The use of CRISPR extends beyond the animal kingdom. Just last month Monsanto, the multinational agricultural and biotechnology company, received the first license to use CRISPR agriculturally. Their goals for CRISPR include creating crops with drought tolerance, disease resistance, and even improved flavor. Altering crops in the lab is not new for Monsanto: they’ve used biotechnology to create genetically modified crops for the last 20 years.
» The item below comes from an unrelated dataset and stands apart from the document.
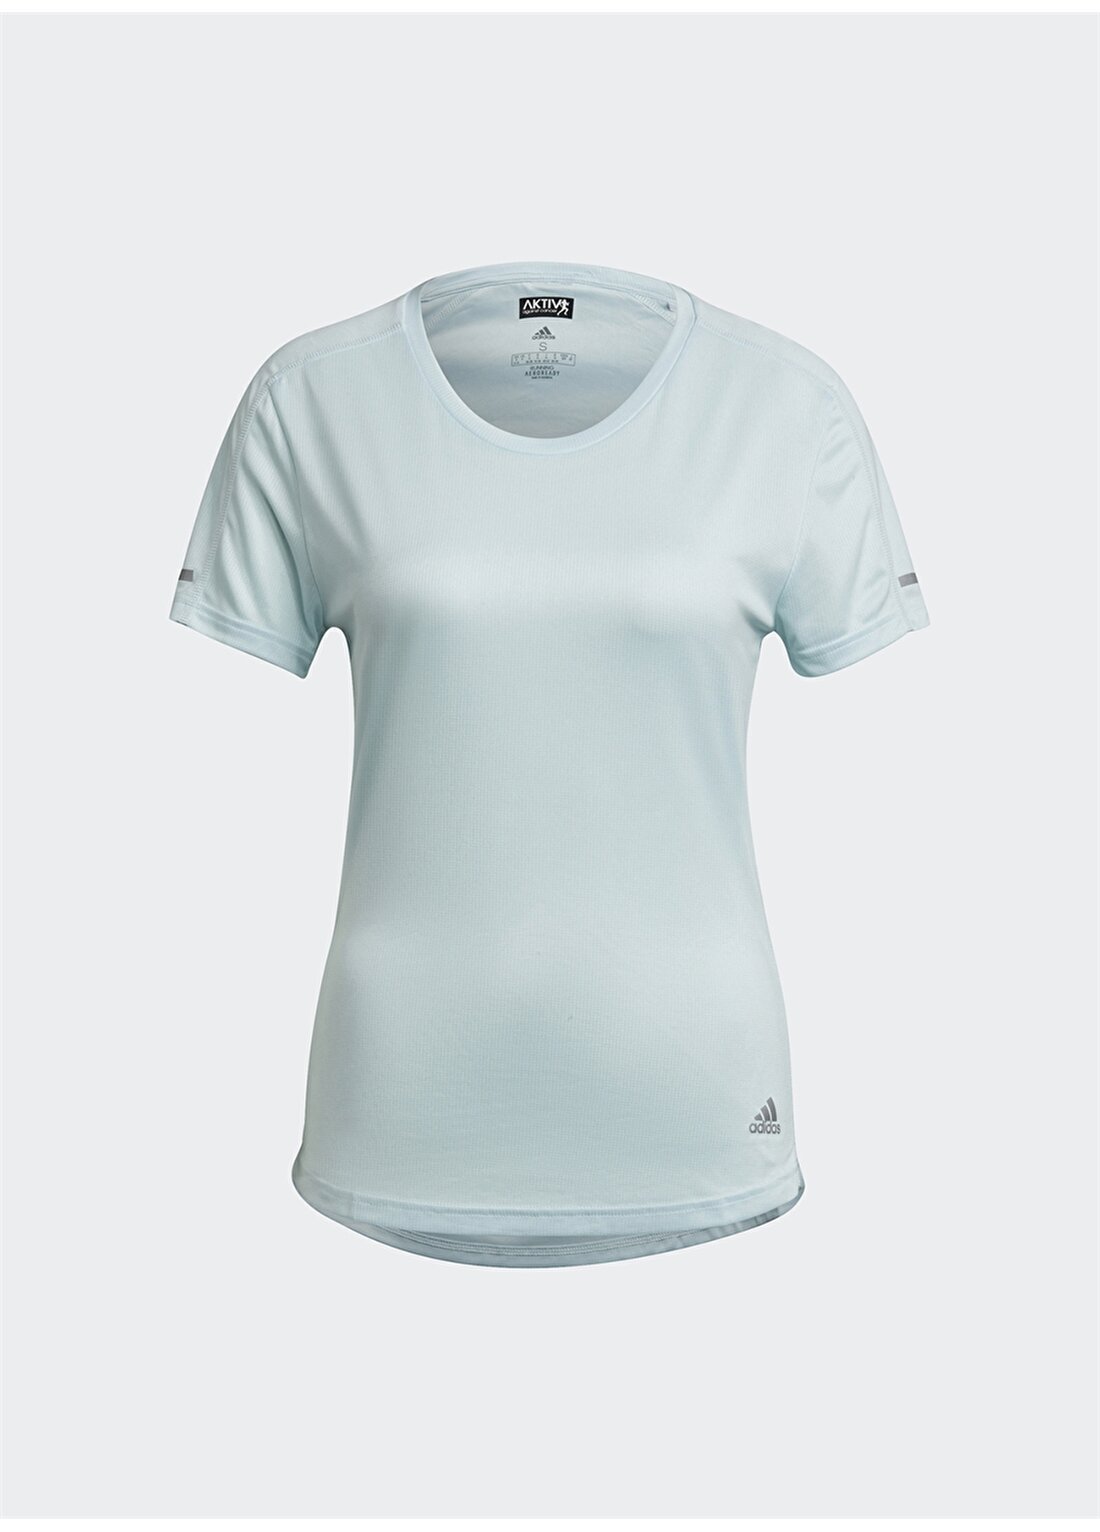 Adidas H31028 Run It Tee W Turkuaz Kadın T-Shirt

In agriculture, genetically modified organisms (GMOs) are crops that scientists modify to include genes from species unrelated to the crop. This is something that could not occur in nature. Alternatively, gene editing with CRISPR is cutting, pasting, and altering the existing crop genome without the introduction of foreign genes. “We’re excited about it,” says Camille Scott, a member of the science communication team at Monsanto, “it’s really a very precise tool that should reap a lot of benefits.”
The precision and ease of editing genomes with CRISPR brings forth many ethical questions. Concerns range from claims that scientists are “playing God” to the idea that these applications are a slippery slope to designer babies or human-animal hybrids. “Any type of genetic engineering is not a black and white thing,” says Kelly Folkers, a bioethicist at New York University, “it depends why you’re doing it.” She draws a comparison between altering mosquitoes to prevent malaria and creating designer babies. “Is it being used in a way that’s going to help the greatest number of people, or is it contributing to making inequalities worse?” Folkers asks.
No one knows the full potential of this technology. It is the unknown, yet potentially vast capabilities, where our fears lie. However, one thing is clear across all platforms using CRISPR: open public engagement as well as transparency in the use of this technology is necessary for public acceptance.